At 48, I’m finally at a point in my life where I am now an e-bike owner. I’ve been reading various articles about the perceived dangers and controversies that surround these motorized machines, and how they are very limited as to where you are allowed to ride them. People in their impassioned opinions on both sides clash in their ideals over how e-bikes should be legislated.
I often wonder what the uninformed public’s perception of what an e-bike actually is. Do they visualize out of control riders, motors buzzing, out ripping up trails and vegetation and crashing into others? Because that was my first perception.
My husband, Frank, a retired pro mountain bike racer, has been trying for years to get me on an e-bike, but I resisted. I was a “purist” and felt that getting an e-bike was akin to admitting defeat. On group rides, I was the one always off the back, puffing along, knees exploding, holding everyone up.
Frank took me to Mountain Bike Specialists one day so I could demo an e-bike. The super helpful staff fitted me to a bike, showed me how to use it and sent me off with a borrowed helmet to cruise town.

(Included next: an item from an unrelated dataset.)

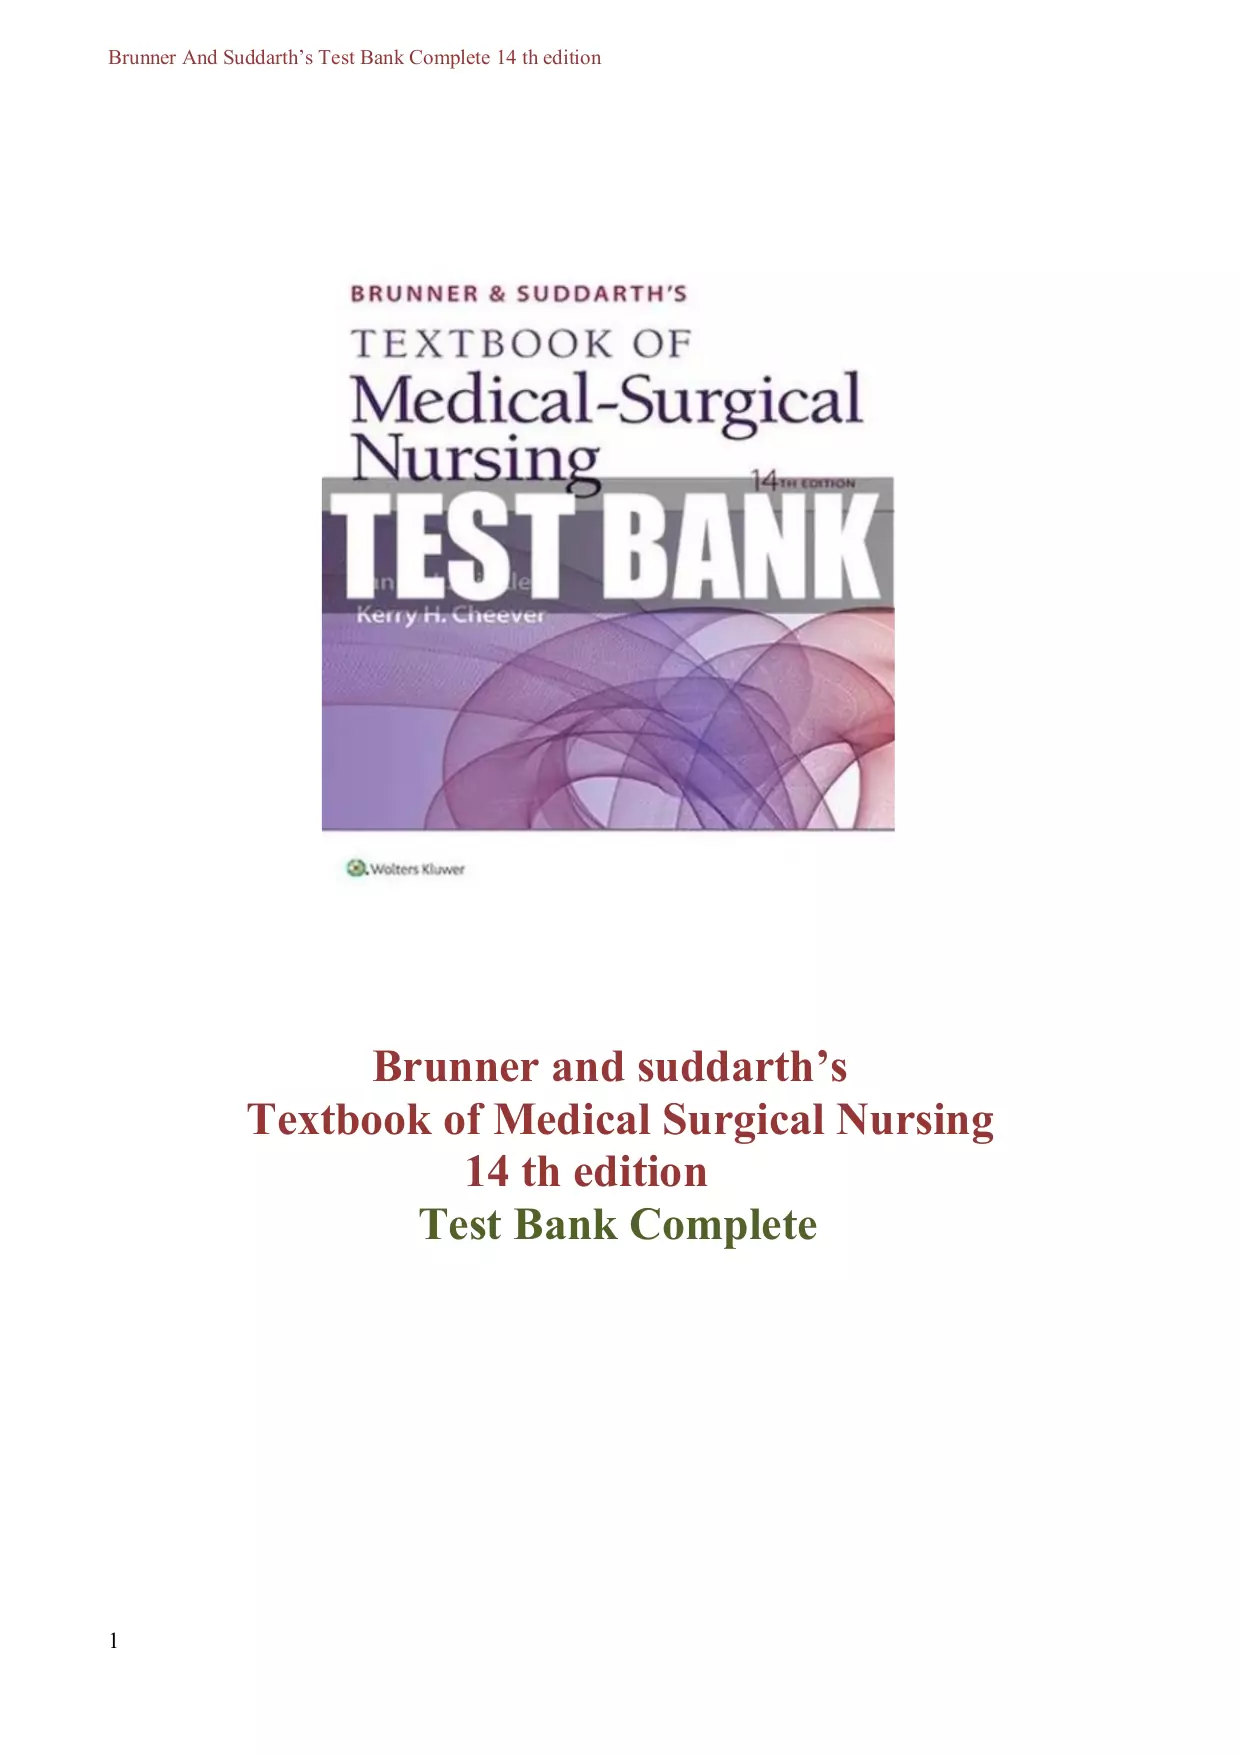 Brunner & Suddarth's Textbook of Medical-Surgical Nursing 14

There are moments in your life when you finally see the light, admit defeat and embrace the liberation. This was one of those moments. I was open to the possibility of becoming an e-bike owner, my initial perception changed.

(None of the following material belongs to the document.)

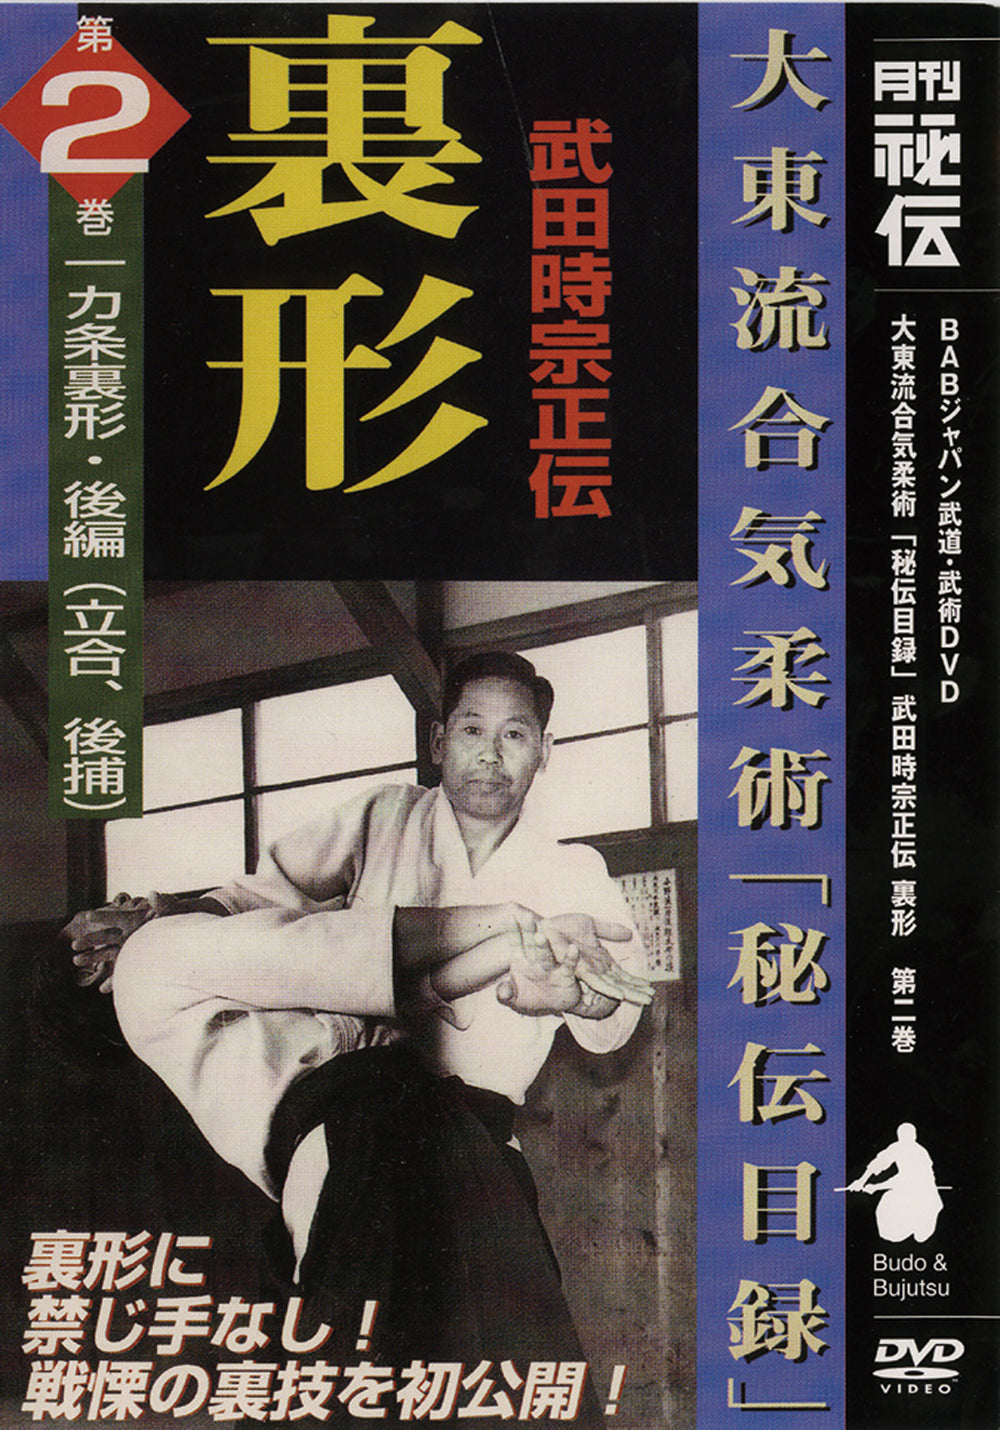 Daito Ryu Aikijujutsu: Técnicas Ikkajo Ura DVD 2

The timely annual Trails 2000 auction found my husband bidding on a slick Specialized e-bike for me. He won. Or rather, I won. This was back in February, when Durango received most of winter’s snows. My beautiful new e-bike sat in our garage as I dreamed of hitting the trails and getting to know it better.
When I was finally able to get out on it, the love of mountain biking came back to me. No longer did I feel the pain in my knees. I could keep up with my husband and daughter on family rides.
My e-bike happens to be a Class 1, which means that the motor only kicks in when I’m pedaling. This is known as pedal-assist, and let me tell you, I really appreciate the assist.
My “motor” is battery powered. It doesn’t involve a carbureted engine that spews oil and fumes. It’s not a motorcycle. It doesn’t rev up and send me careening down trails. It gives me a gentle nudge when I need it, that’s all. I can still coast down hills, sans assist, and be fully in control. Oh, don’t get me wrong – I’m still off the back – but I’m not that far behind. I can now ride up Goeglein Gulch Road without busting a lung.
It’s a whole new world of possibilities for riders like me.
Which leads me to my next question: Which demographic is the fastest growing user section of e-bikes? Is it middle-aged folks like myself? The younger daredevils? Business commuters? Has anyone gathered that data yet? E-bikes are more expensive than conventional mountain bikes. You have to be fully on board to invest in one.
I was optimistic to read an article recently about Order No. 3376, enacted by appointed Secretary of the Interior David Bernhardt, to allow e-bikes on all trails on Department of Interior public lands and BLM managed land. This also included National Park service trails.
This is a move in the right direction. It in no way negates trail users responsibilities, however.
So this is my plea to you, Durango, specifically to those who have decided to exclude e-bikes from our local trails.
I hope you reconsider. Surely we can all get along on the trails.
For all of you cycling purists out there who still aren’t convinced, I invite you to come ride my favorite trail with me sometime. You can witness firsthand my joy at being able to even ride my favorite trail at all. You’ll see that there’s virtually no observable difference from me riding a conventional mountain bike vs. my pedal-assist one. You’ll see that I’m not out there shredding the landscape. You’ll see that I’m not out of control endangering others. You won’t hear my battery kick in. I’ll still dismount and walk over tricky rock sections. You will see that I’m just out enjoying my bike and that I’m a regular trail user.
E-bikes are for everyone.
Tiffany Mapel is a wife, mother and educator. She lives in Durango.